Hi Guys, I am going to put a new Bow String and Buss Cables on my Hoyt Easton Legacy Bow.It is about a 44 1/2 inch ATA Finger Shooter Bow.It has Hoyt Energy Wheels I guess they were called at that time.I am going to have it made by Ron at extremebowsrings.com If you were me would you go with the Static Buss Cables or The Floating Yoke Buss Cable ? I am told that 9 out of ten sold are Static Buss Cables because if timing is an issue 2-4 twist on the Cables can fix it or help I am no Bow Technician.However I do not think Timing would be to much of an issue on this Bow because it is a Wheel Bow.The Floating Yoke has 14 or 18 to 20 strands I forget and is a more durable Buss.It costs only 5.00 more.However Ron told me he would go with the Static if he had to choose because they are simpler and easier to tune if needed.They just have about 8-10 strands of string.But it makes the Bow a tad faster.I just wonder what the Bow probably came with originally.Which Buss would you guys go with on this particular Bow ? Thanks for your input and help.


----------



## ia bhtr (May 22, 2002)

luvtohunt16 said:


> Hi Guys, I am going to put a new Bow String and Buss Cables on my Hoyt Easton Legacy Bow.It is about a 44 1/2 inch ATA Finger Shooter Bow.It has Hoyt Energy Wheels I guess they were called at that time.I am going to have it made by Ron at extremebowsrings.com If you were me would you go with the Static Buss Cables or The Floating Yoke Buss Cable ? I am told that 9 out of ten sold are Static Buss Cables because if timing is an issue 2-4 twist on the Cables can fix it or help I am no Bow Technician.However I do not think Timing would be to much of an issue on this Bow because it is a Wheel Bow.The Floating Yoke has 14 or 18 to 20 strands I forget and is a more durable Buss.It costs only 5.00 more.However Ron told me he would go with the Static if he had to choose because they are simpler and easier to tune if needed.They just have about 8-10 strands of string.But it makes the Bow a tad faster.I just wonder what the Bow probably came with originally.Which Buss would you guys go with on this particular Bow ? Thanks for your input and help.

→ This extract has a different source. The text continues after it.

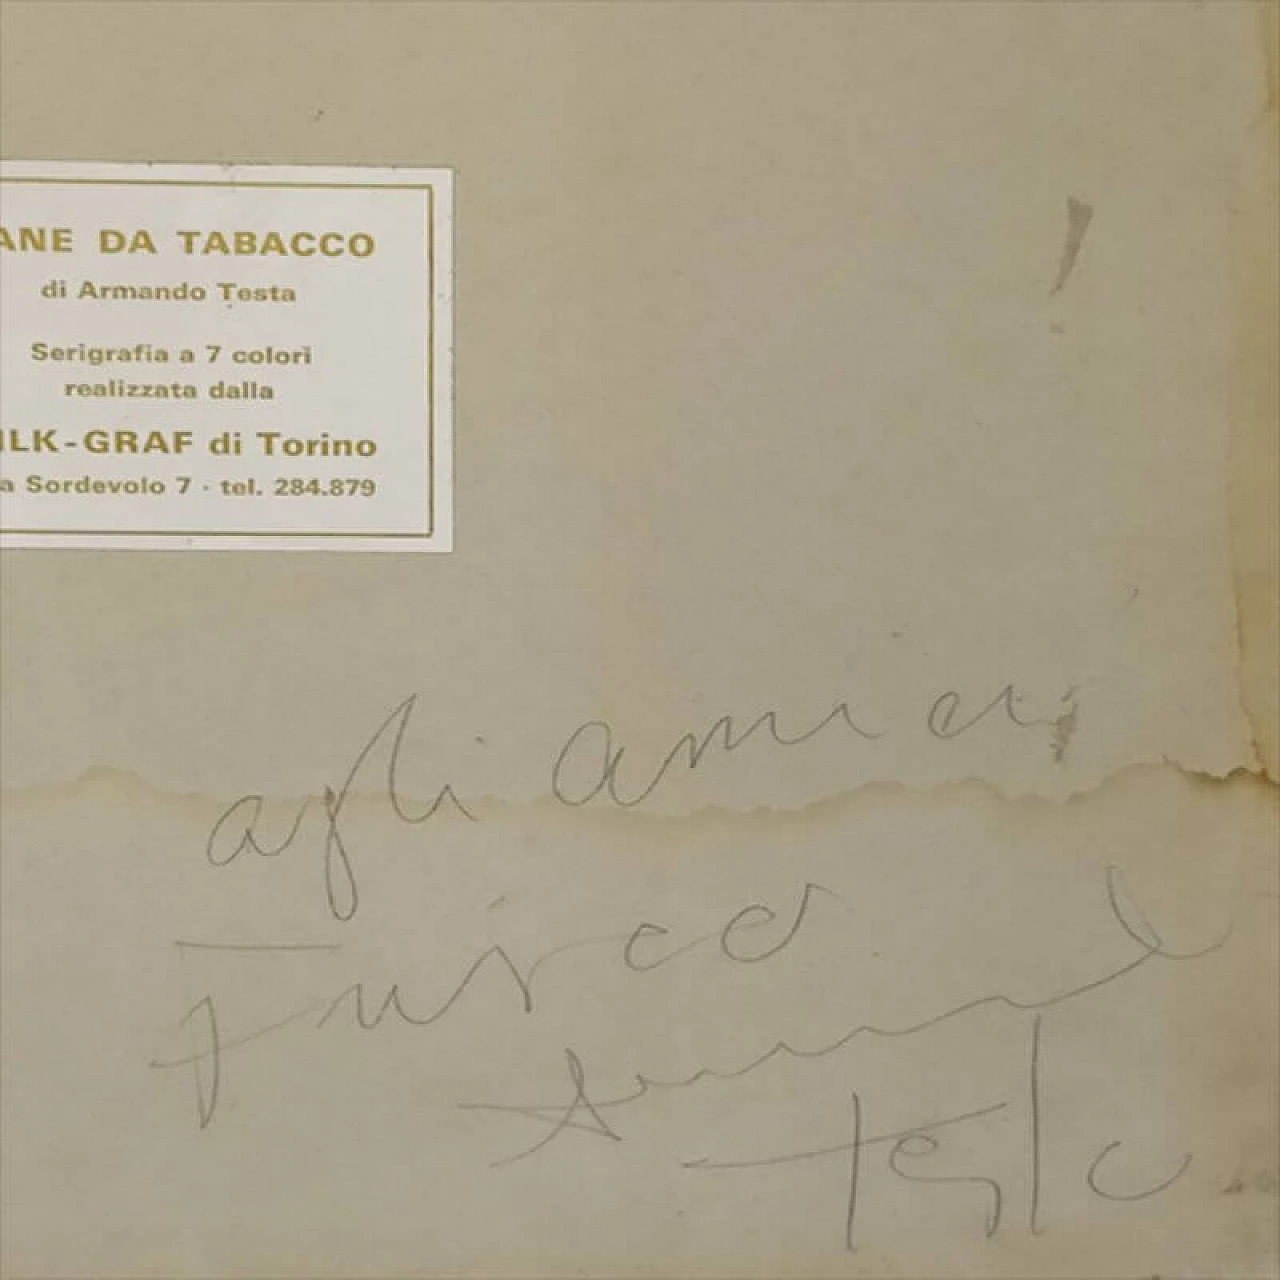 Serigraphy Cane da Tabacco by Armando Testa, 1970s 1123951
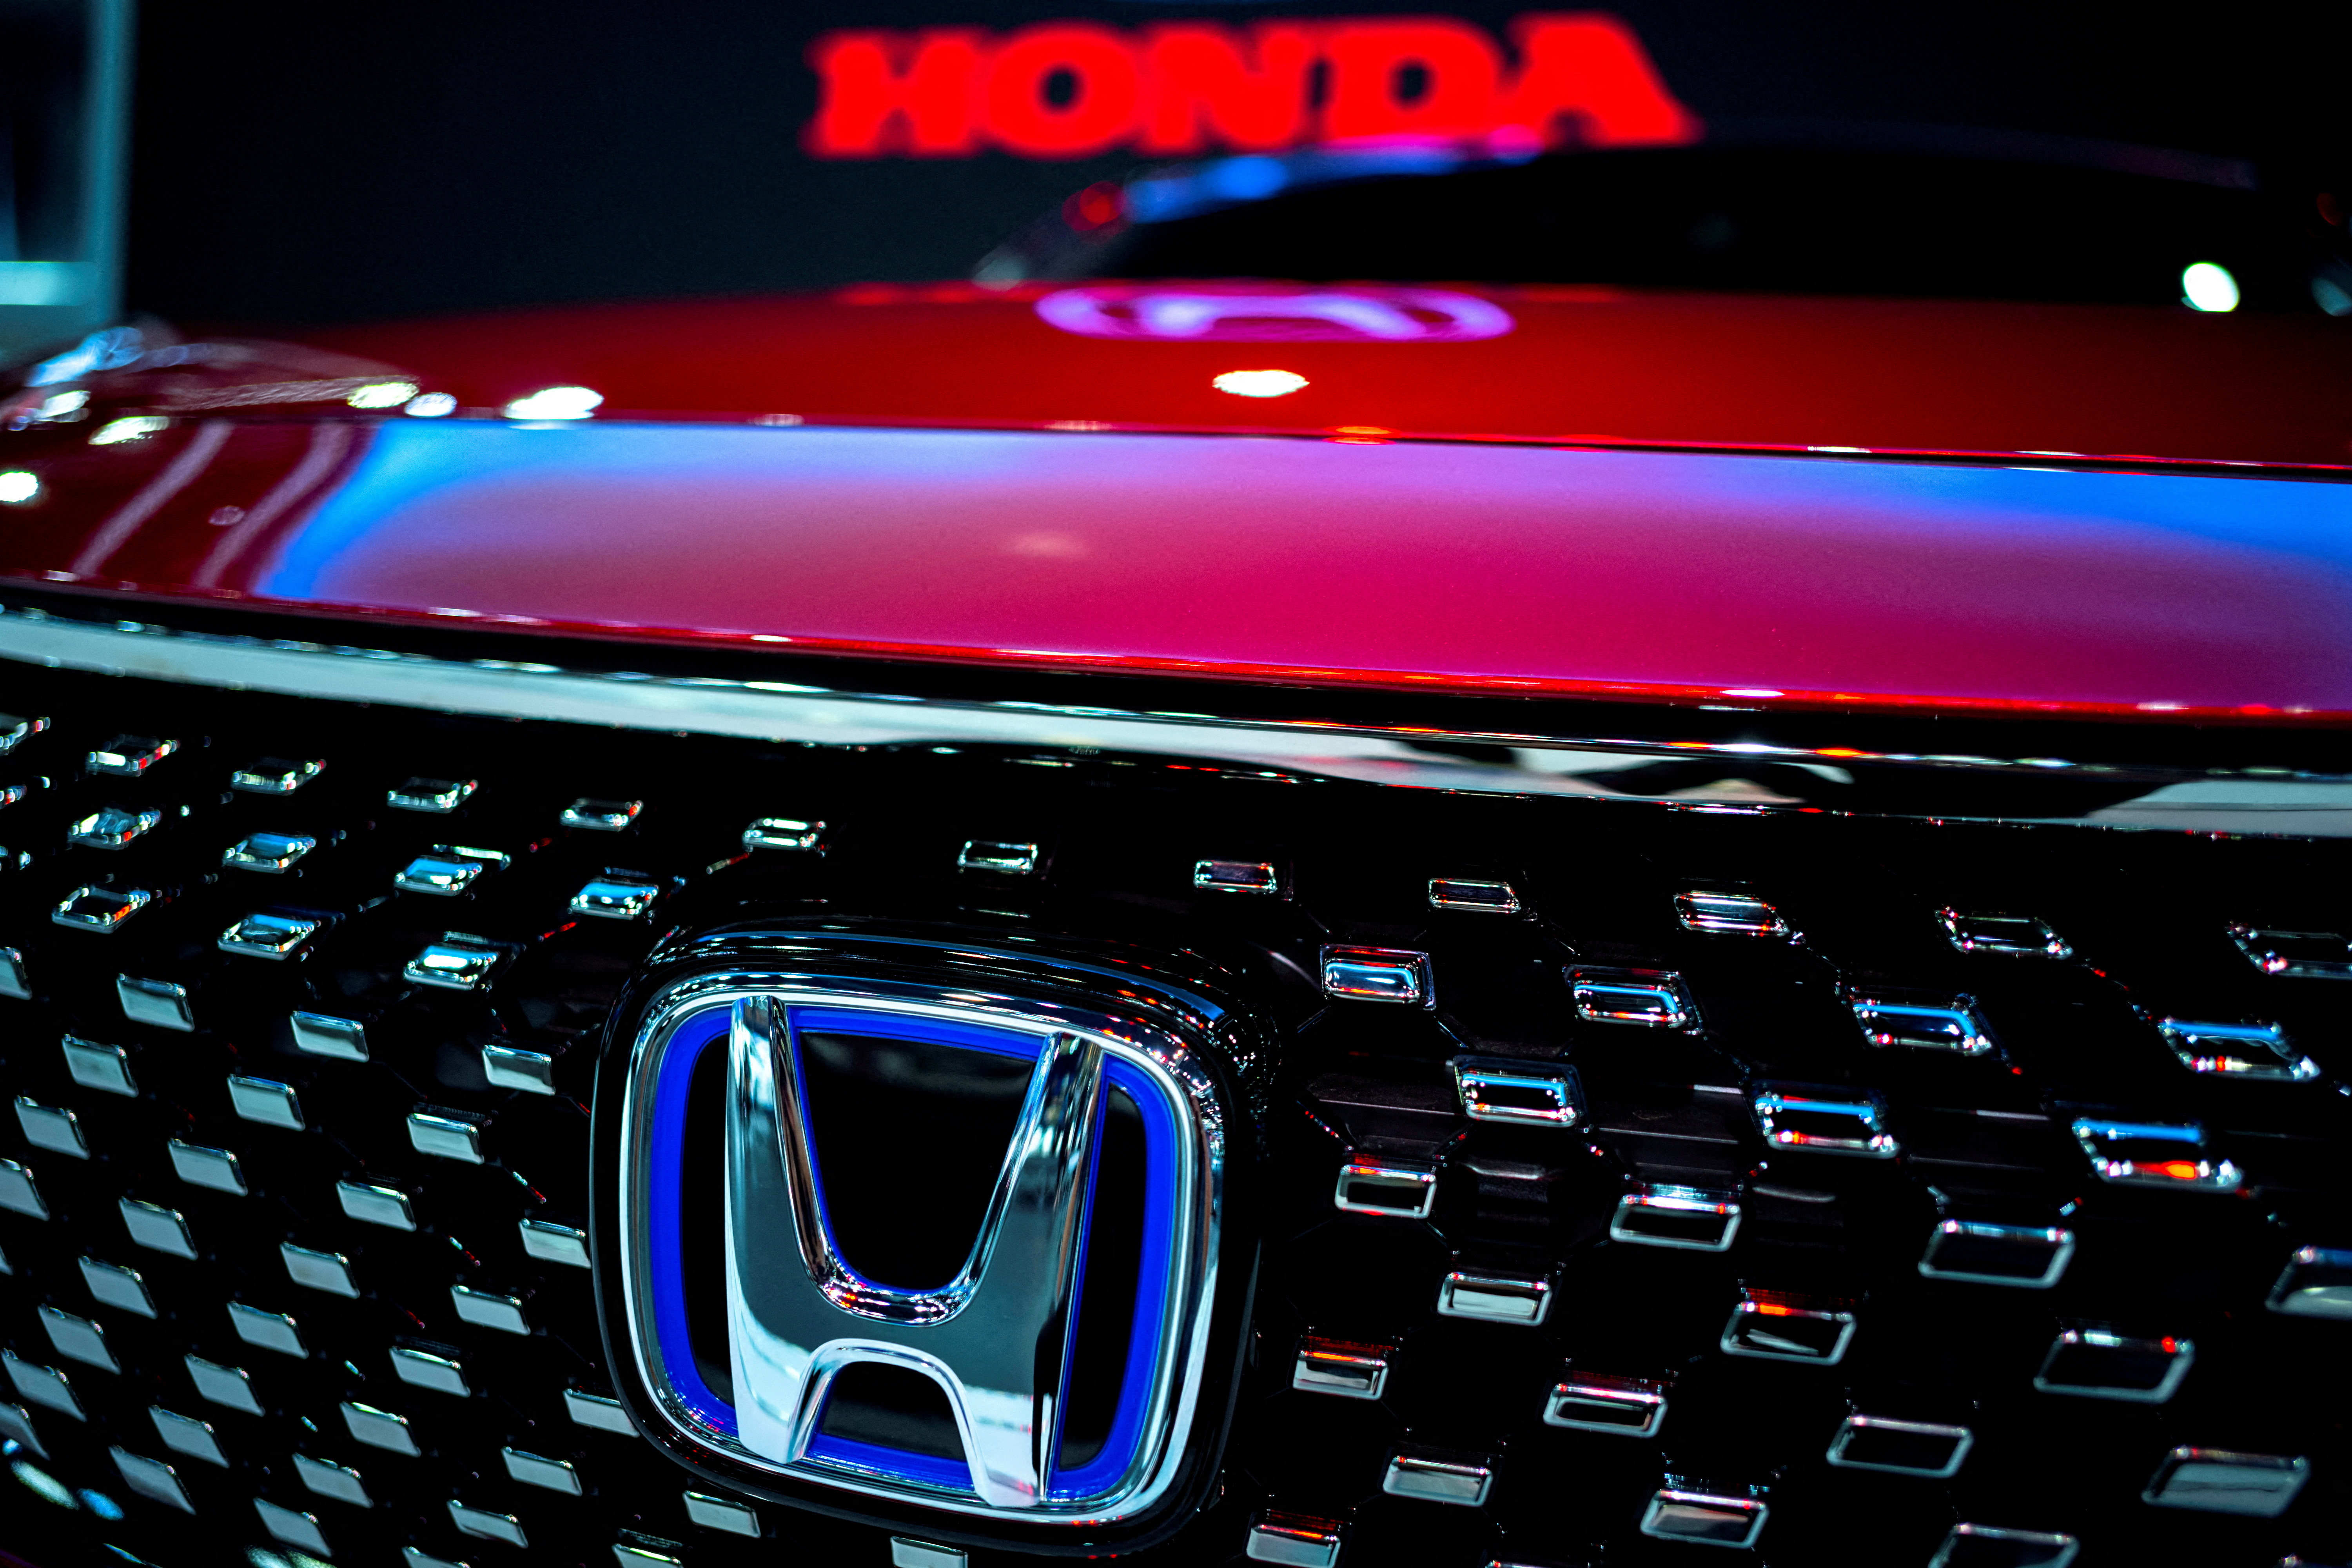 The Honda Motor logo is pictured at the 43rd Bangkok International Motor Show in Bangkok

Hi 16 , I would stay with the majority and go with the static yoke , you are correct in the fact that on your bow it mite not be that big of factor , BUT , its nice to have the xtra tuneability , just in case  if nothing else it gives you the ability to work on cam lean ..... which you wont have much of with that bow


----------



## 2fingers (Feb 2, 2006)

Just a heads up its not how the cam sits at rest its how the cam is at full draw.


----------



## bowhunter1680 (Sep 19, 2009)

*Thanks Guys !*

Thanks guys, I really appreciate the feedback.I have go my string ordered and on it's way.I just received an e-mail from Ron at extremebowstrings.Whether right or wrong I ordered the Static.Well I am going to close this thread out.Once again I appreciate the help.bowhunter1680


----------